The Tile and Fuse Pass
The tile and fuse pass tiles operations that would not normally fit in the available memory. When an operation is tiled, for efficiency, we also tile(/fuse) with it (in the same tiling loop) operations that it uses directly, and the operations that those operations use, and so on. The operation that triggered the tiling is called the consumer, and the operations it uses are called producers.
At the core of the pass is the function
scf::tileConsumerAndFuseProducersUsingSCF. The function takes an operation
that has an TilingInterface implementation (most of the linalg dialect, and
some tensor operations) to be tiled, and an options object that controls the
function’s execution. After tiling the operation the function recursively fuses
producers, as long as they have an TilingInterface implementation, and the
control function allows it.
Since the scf tiling function fuses producers, we should only tile an operation
when we are sure that none of its consumers needs to be tiled. This suggests a
reverse order traversal. Hence, T&F iterates over all TilingInterface
operations in the function in reverse order of appearance. This guarantees that
when we tile an operation, we have already considered all its users. An
operation is tiled if it hasn’t already been fused, and it does not fit in
memory.
Fuse groups
Later in the pipeline, the passes that do the lowering from linalg to TorqHL use
a few rewrite patterns to do their transformations. In order for those passes to
work, T&F has to make sure that when it tiles an operation that is part
of a pattern, all the other operations that belong to the same pattern are fused
in the same tiling loop (Note that this implies all those operations must
implement TilingInterface). To achieve that, the relevant rewrite patterns are
executed in two modes:
The original rewrite mode (performs the transformation); and
A marking mode (performs no rewrites) that places an attribute (
torq-fuse-group) on the operations that make up the pattern.
The MarkPatternsForSuperTilingPass pass executes the relevant patterns in the
marking mode before the T&F pass.
In most cases a rewrite pattern starts from a principal operation (e.g. a
convolution), walks forward to some output value, and walks backwards to some
set of input values. In the rewrite mode all the operations between those values
are replaced with their TorqHL equivalent. In the marking mode, the function
markFuseGroupBackward is used to mark those operations as belonging to a fuse
group.
In principal, an operation can belong to multiple patterns. Hence, the attribute
we use for marking the groups is an array attribute. Each group is identified by
a UID that is assigned to the principal operation (the one the pattern matching
starts from) at the beginning of the pass. This UID is recorded by the
torq-fuse-group-id attribute.
Memory Footprint Check
Instead of statically approximating the memory footprint, the pass uses a precise approach by executing the actual address assignment pipeline on a cloned subset of the IR.
Extraction: The function
extractOpsForMemoryCheckcreates a temporaryModuleOpcontaining the operation to be checked (along with any fused producers).Simulation: The temporary module is passed to
checkModuleFitsInMemory, which runs theAssignLramAddressespipeline.Verification: If the address assignment succeeds without errors (e.g., no memory overflow), the configuration is deemed valid.

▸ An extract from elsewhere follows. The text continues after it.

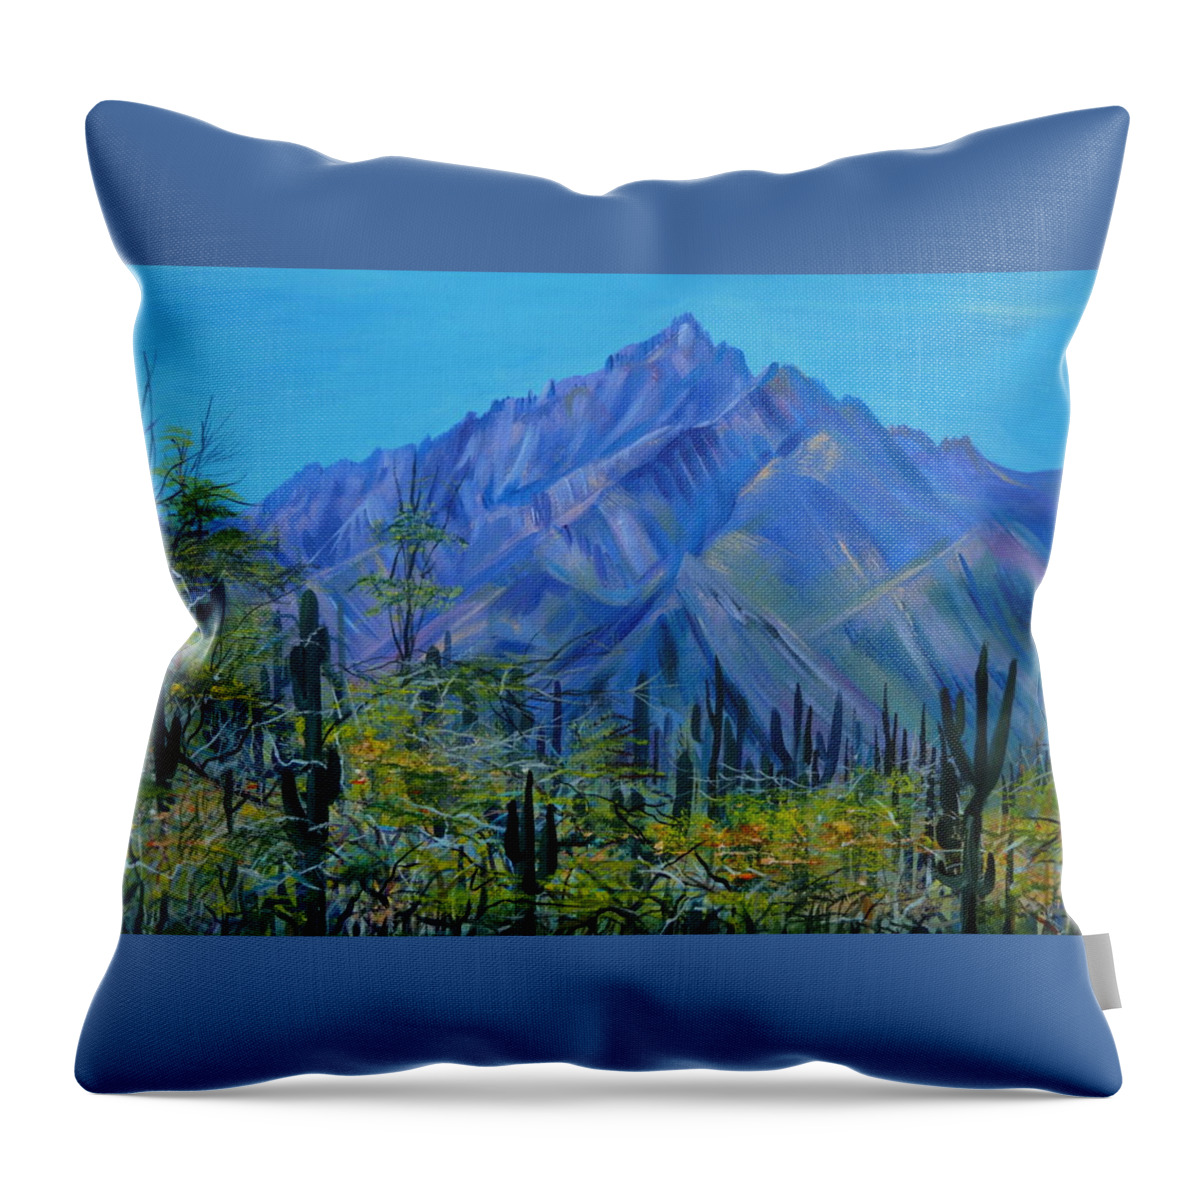 Mexico Throw Pillow featuring the painting Mexico. Countryside by Anna Duyunova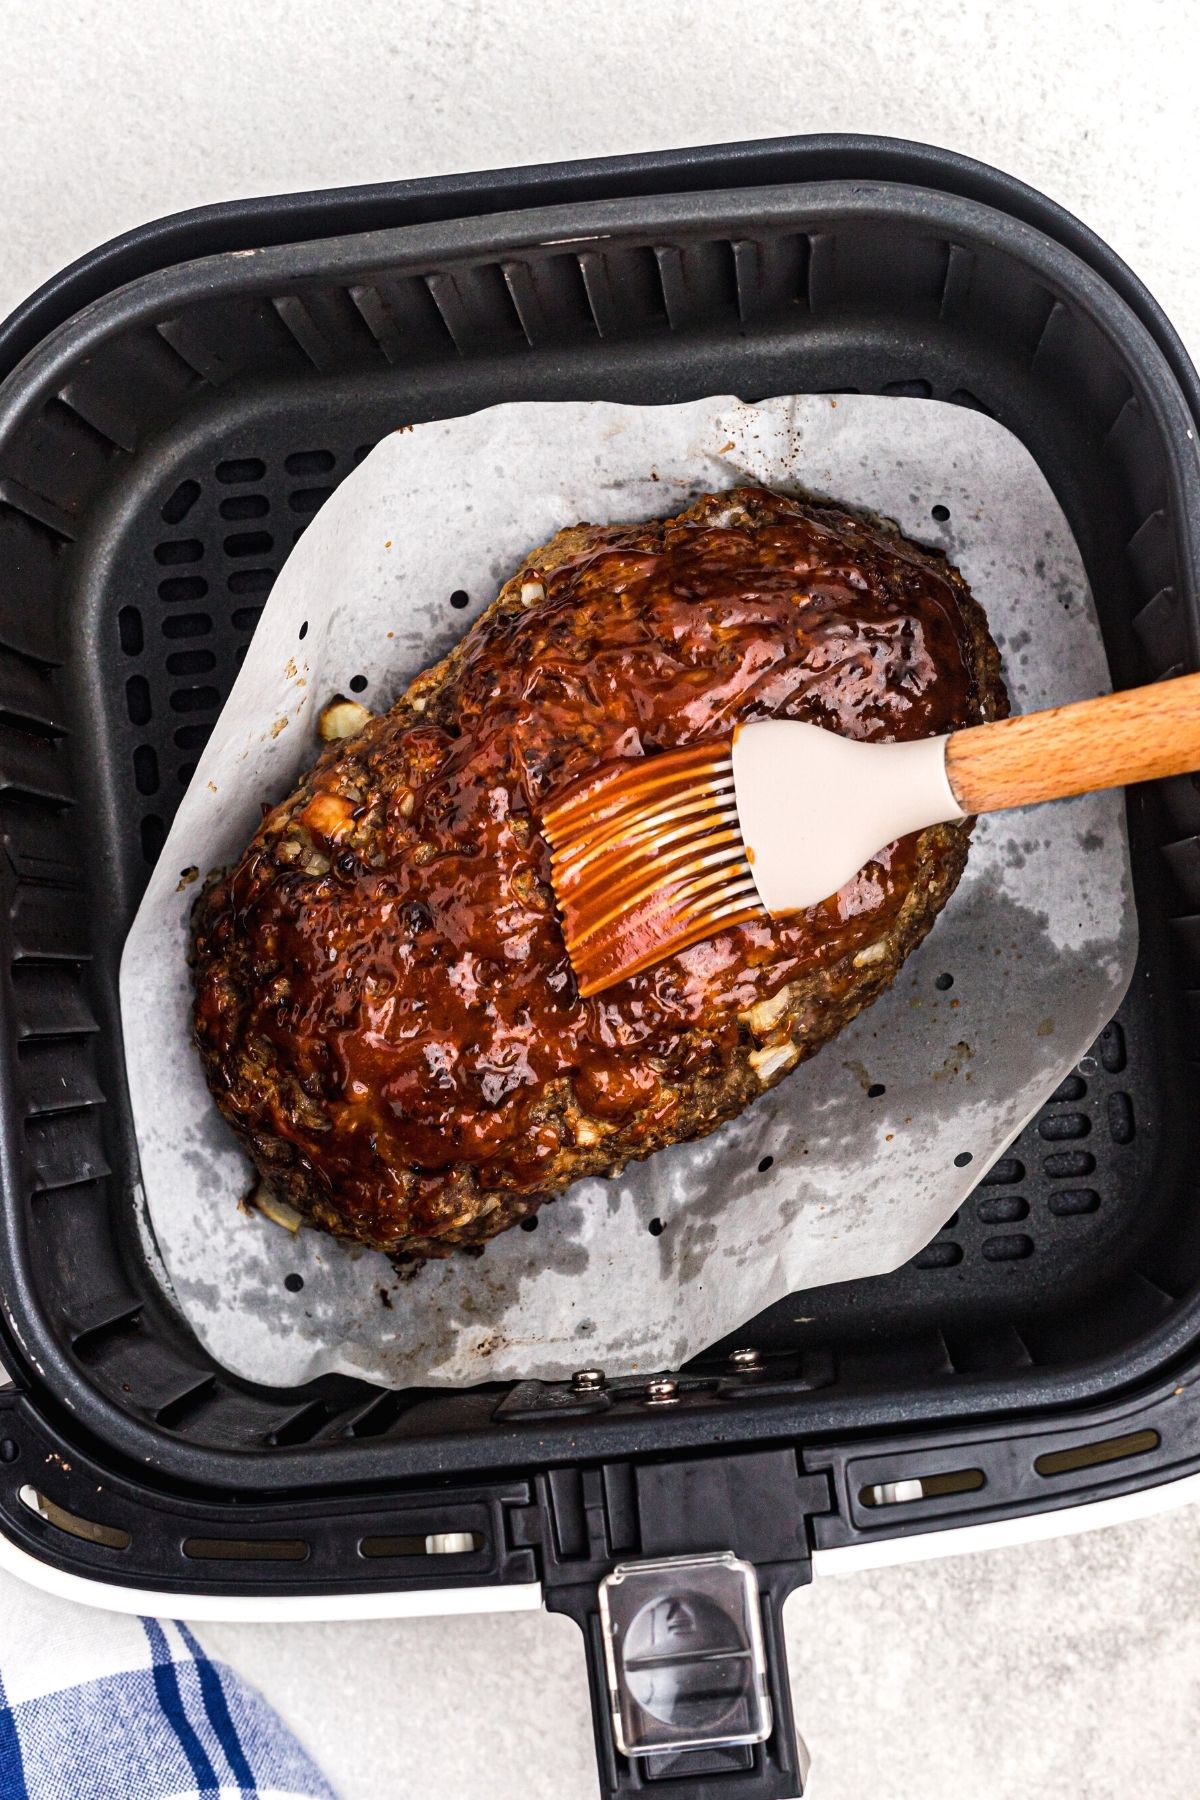 How To Cook A Meatloaf In An Air Fryer

This ensures that the memory footprint check takes into account actual memory layouts and optimizations performed by later passes.
Finding Optimal Tile Sizes
The pass determines optimal tile sizes for all tileable dimensions.
Tiling Order
The consumer operation determines which dimensions are tiled and in what order.
If the consumer is a member of a pattern fuse group, the principal operation of
the fuse group determines which dimensions are tiled and in what order. This is
abstracted by the getTilingIterDomainsOrder function.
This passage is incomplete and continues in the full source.